Exercise objective -
Output the lines from the top of the entries below to the line with "These New Features", both included, exactly and without pictures.

Information provided -
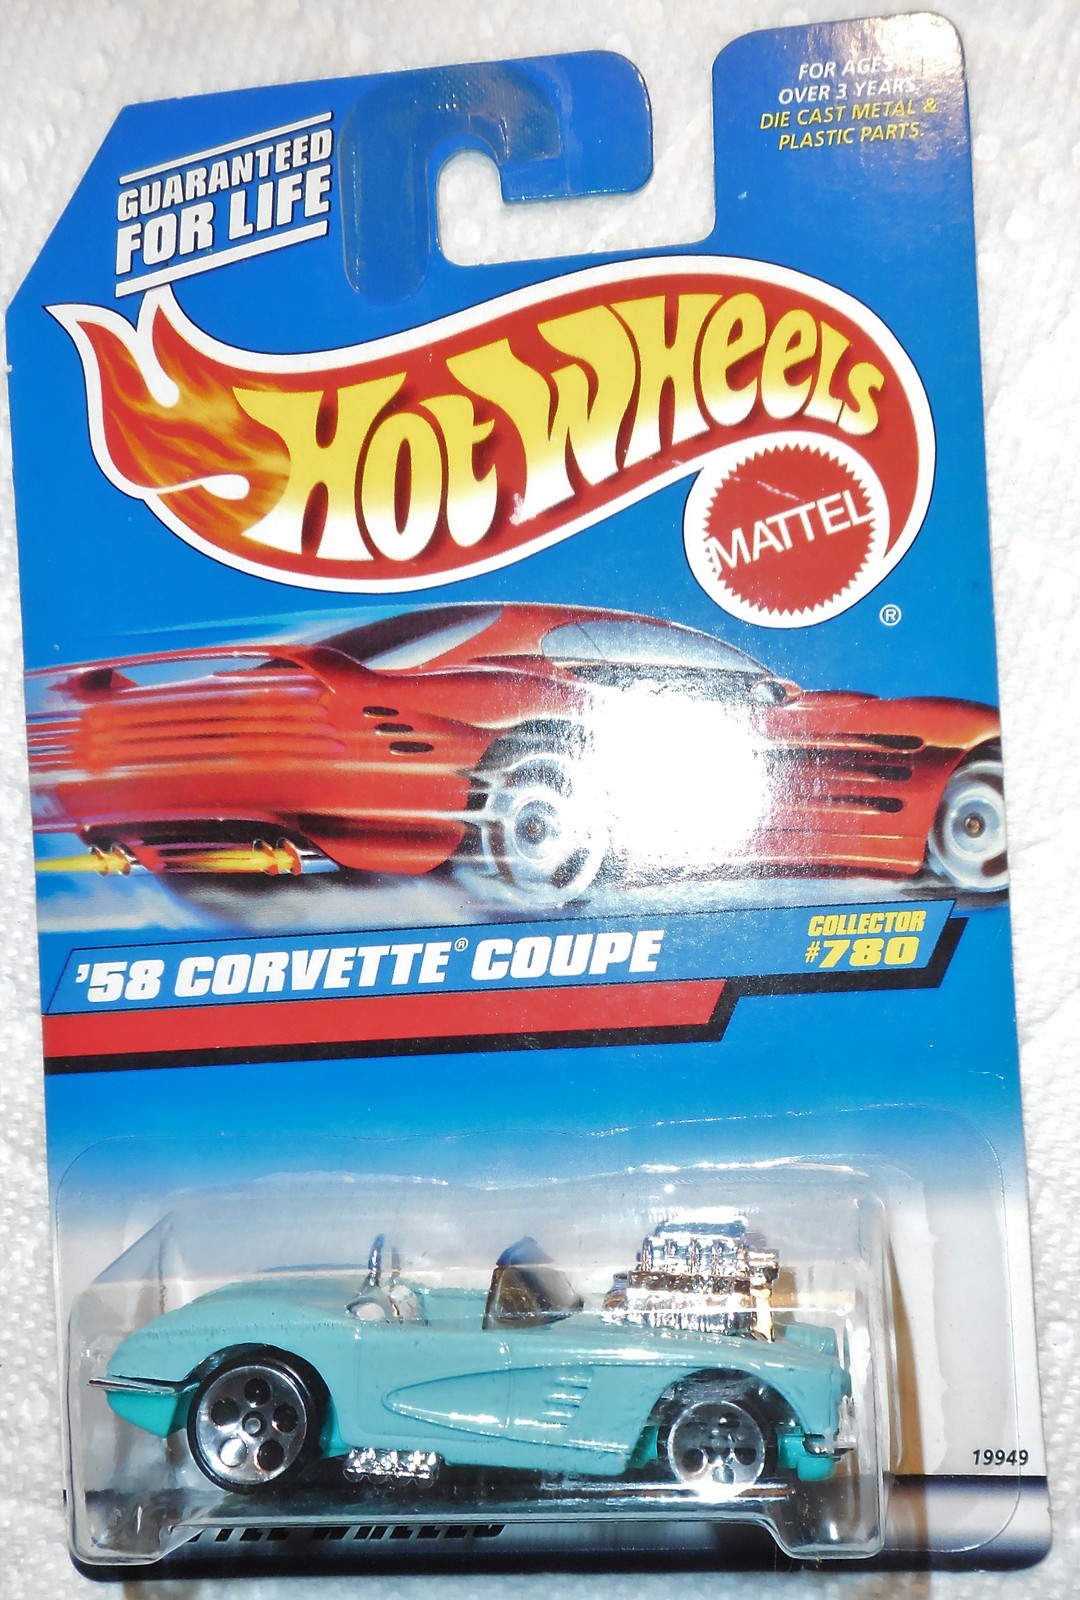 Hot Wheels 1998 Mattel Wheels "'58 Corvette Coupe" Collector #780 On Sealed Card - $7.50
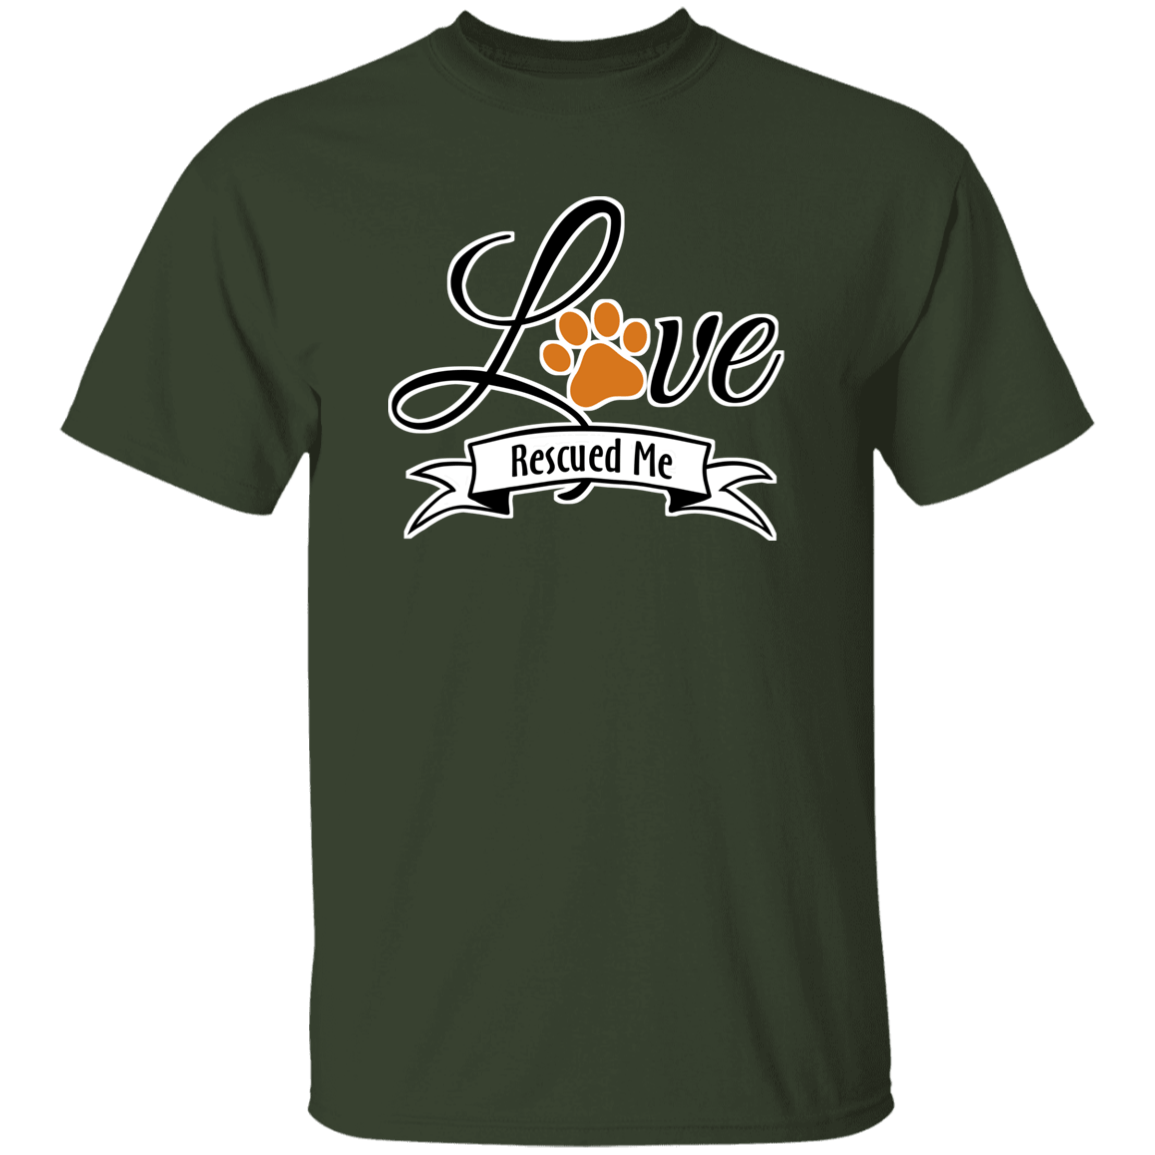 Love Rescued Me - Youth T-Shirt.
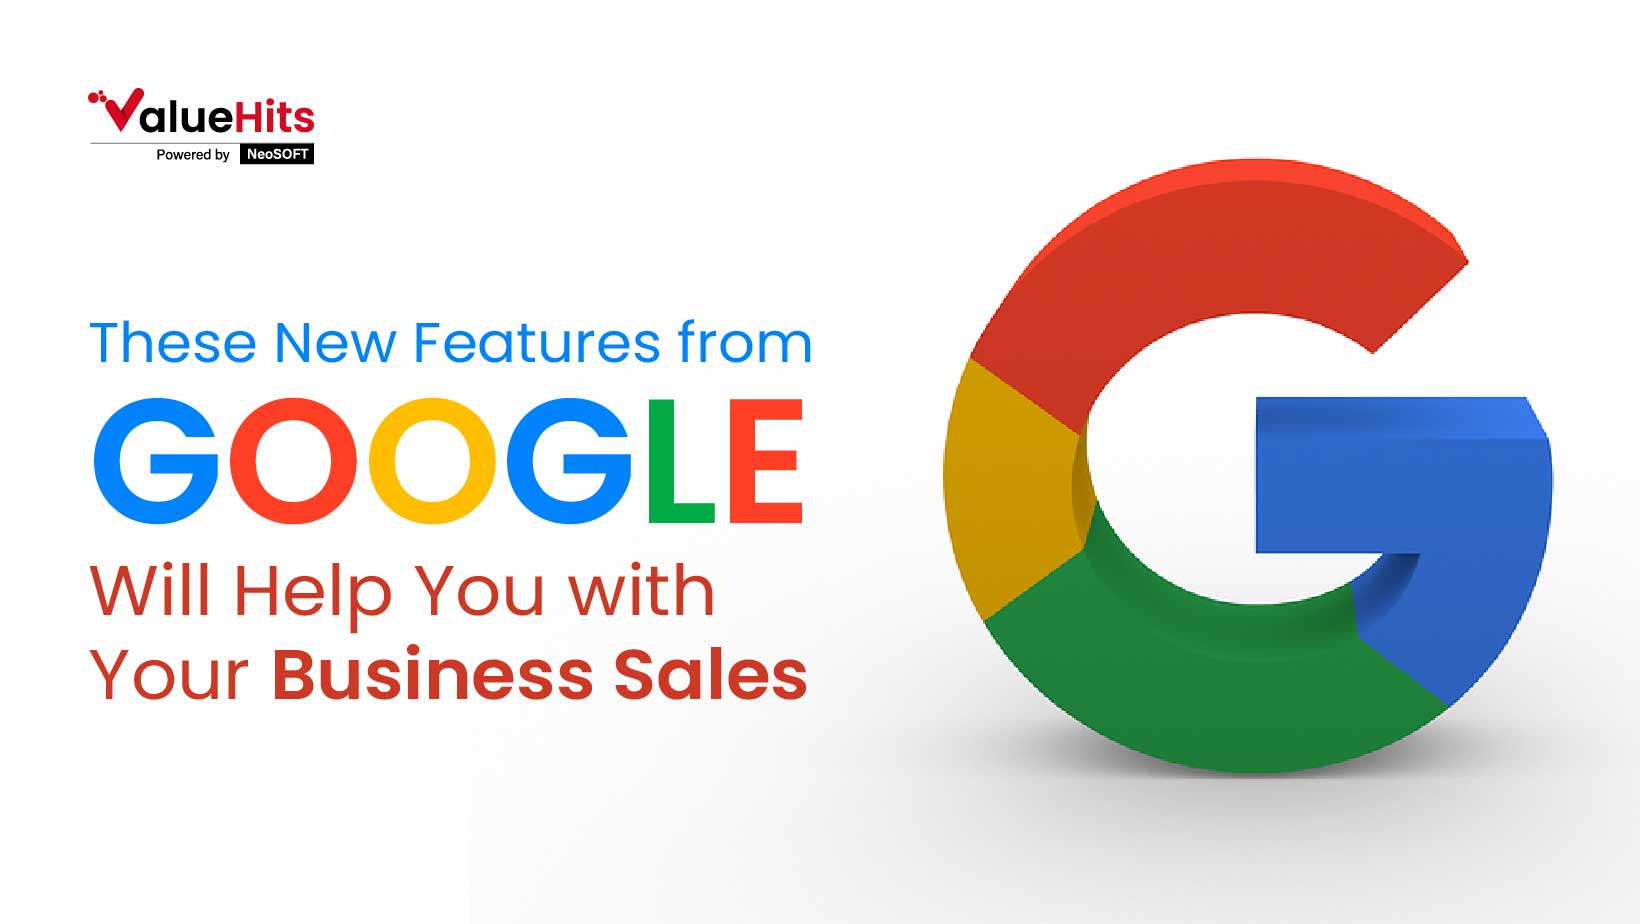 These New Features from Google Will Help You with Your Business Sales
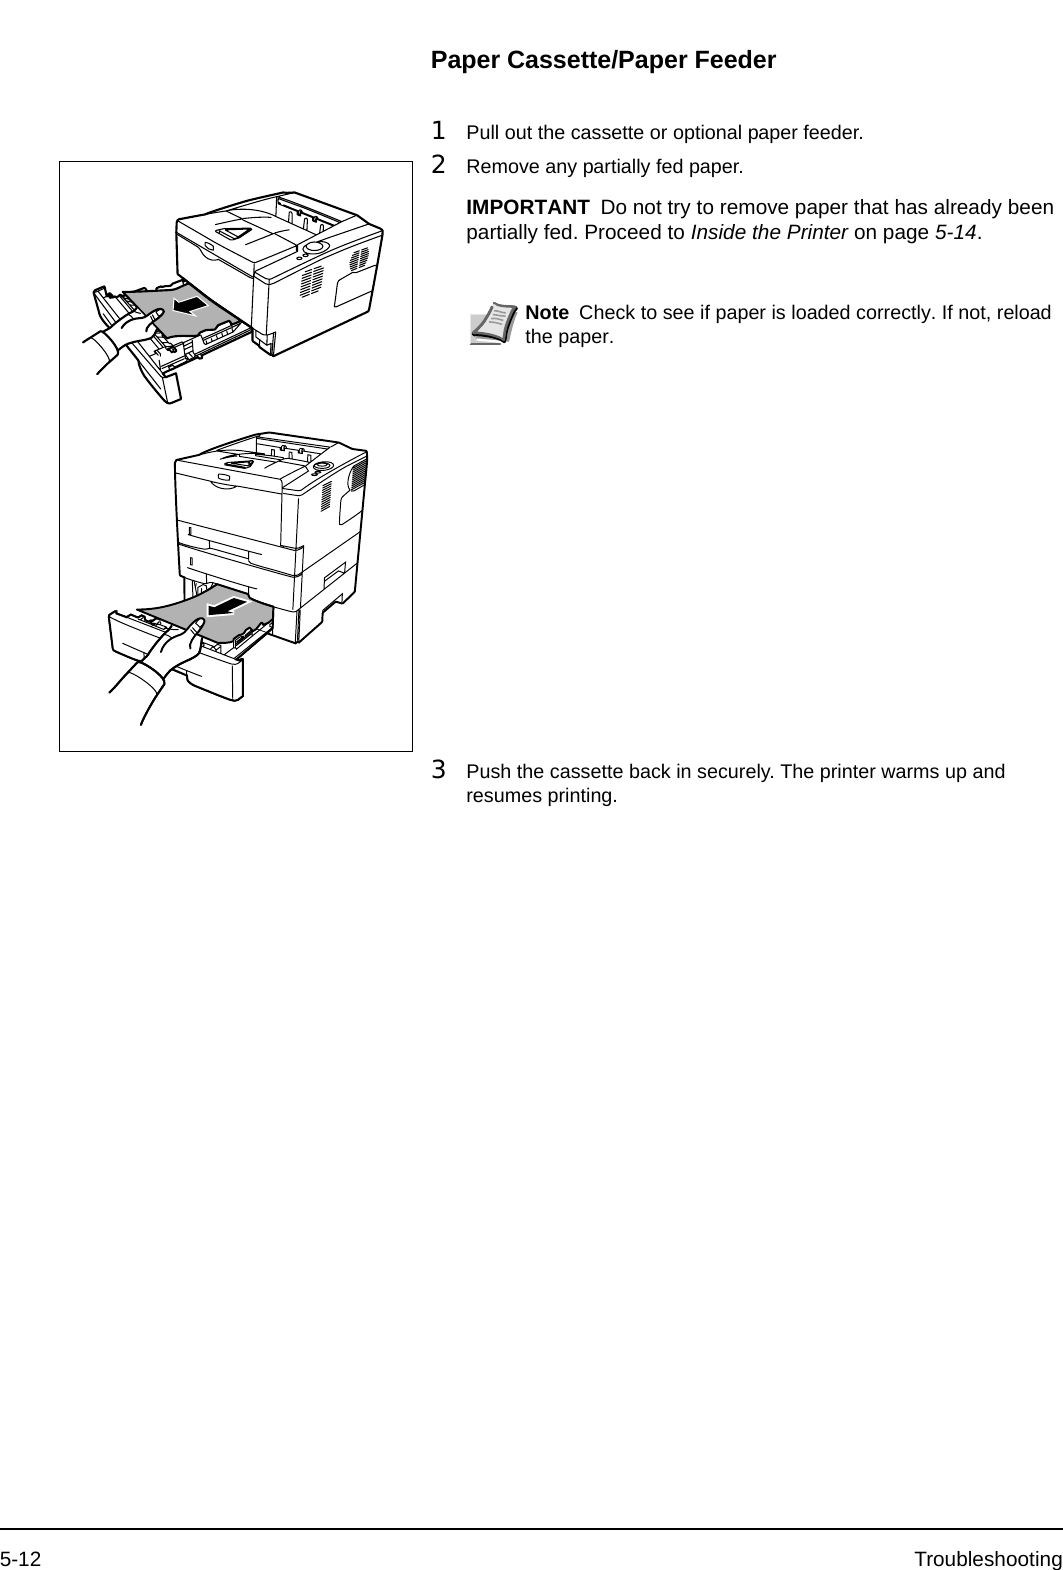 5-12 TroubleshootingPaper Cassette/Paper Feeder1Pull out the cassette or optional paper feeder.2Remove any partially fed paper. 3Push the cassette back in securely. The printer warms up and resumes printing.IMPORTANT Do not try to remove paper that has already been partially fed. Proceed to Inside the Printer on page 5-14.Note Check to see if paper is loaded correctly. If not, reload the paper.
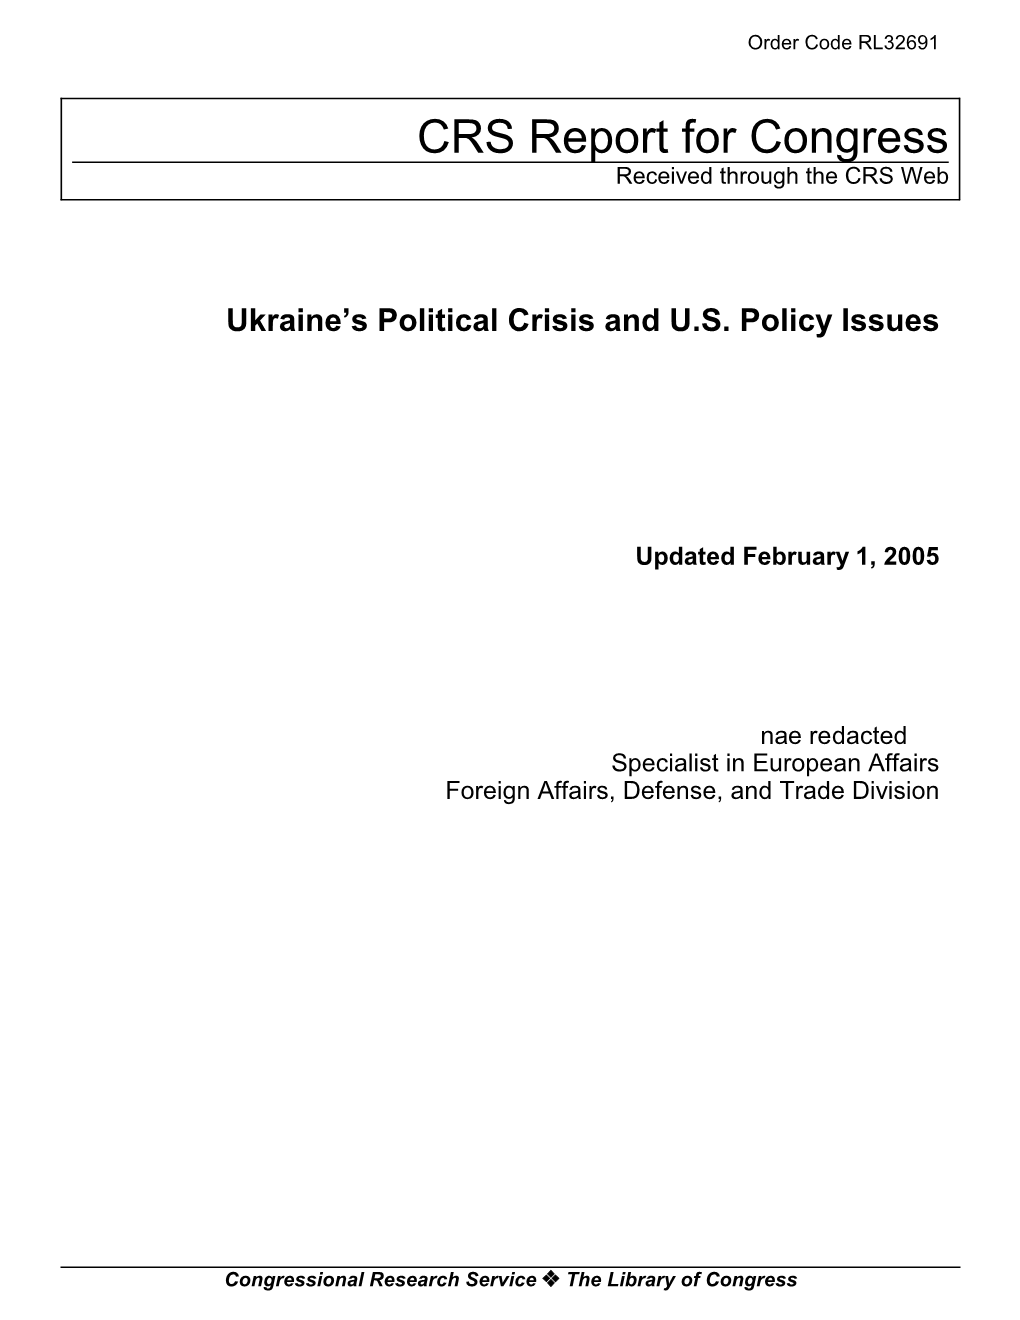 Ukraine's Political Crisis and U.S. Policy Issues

Solution for this exercise -
 Hot Wheels 1998 Mattel Wheels "'58 Corvette Coupe" Collector #780 On Sealed Card - $7.50
 Love Rescued Me - Youth T-Shirt.
 These New Features from Google Will Help You with Your Business Sales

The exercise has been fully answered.